Как и в тот раз, поезд не остановился на полустанке, только немного замедлил ход. Федор спрыгнул.
А через час с небольшим уже подходил к сельцу. Осталось только поле перемахнуть. Вот оно, нагретое солнцем, медово пахнущее цветущей рожью, белым придорожным кашником. Ветер поднимает с колосьев пыльцу и несет но волнистой зыби стеблестоя, наполненного пчелиным звоном и многоголосым стрекотом кузнечиков. Федор и слышит и не слышит это гуденье поля. Он быстро-быстро шагает по тропинке, раздвигая колосья. Над головой взлетели пигалицы, заголосили. Не узнали ли его?

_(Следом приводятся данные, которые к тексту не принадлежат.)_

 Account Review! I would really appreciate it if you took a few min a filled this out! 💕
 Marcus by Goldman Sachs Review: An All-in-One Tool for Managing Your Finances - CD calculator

Но вон и конец поля, вон и воротца, стерегущие въезд в сельцо. А там, на круче, — боже ты мой! — там и домик показался. Конек, крыша, маленький мезонинчик, фасад, три оконца в завитках наличников.
Почувствовал: неуемно колотилось сердце. Сейчас он увидит и ее, и сынишку. Как начать разговор? С чего? Он даже остановился в полной растерянности. Но дом звал к себе. Нет, надо идти, идти. Чтобы скорее попасть, он пошел не улицей, а гумном, тут было ближе. Вот и тын, и поленница дров, оставшаяся, как машинально он заметил, еще с прошлого года, и проулок, усыпанный зелеными бубенчиками низко стлавшейся травы, пахнущей яблоками, и крыльцо… Он снял с плеч мешок, одернул пиджак, шагнул на крыльцо. И замер: на дверях висел замок.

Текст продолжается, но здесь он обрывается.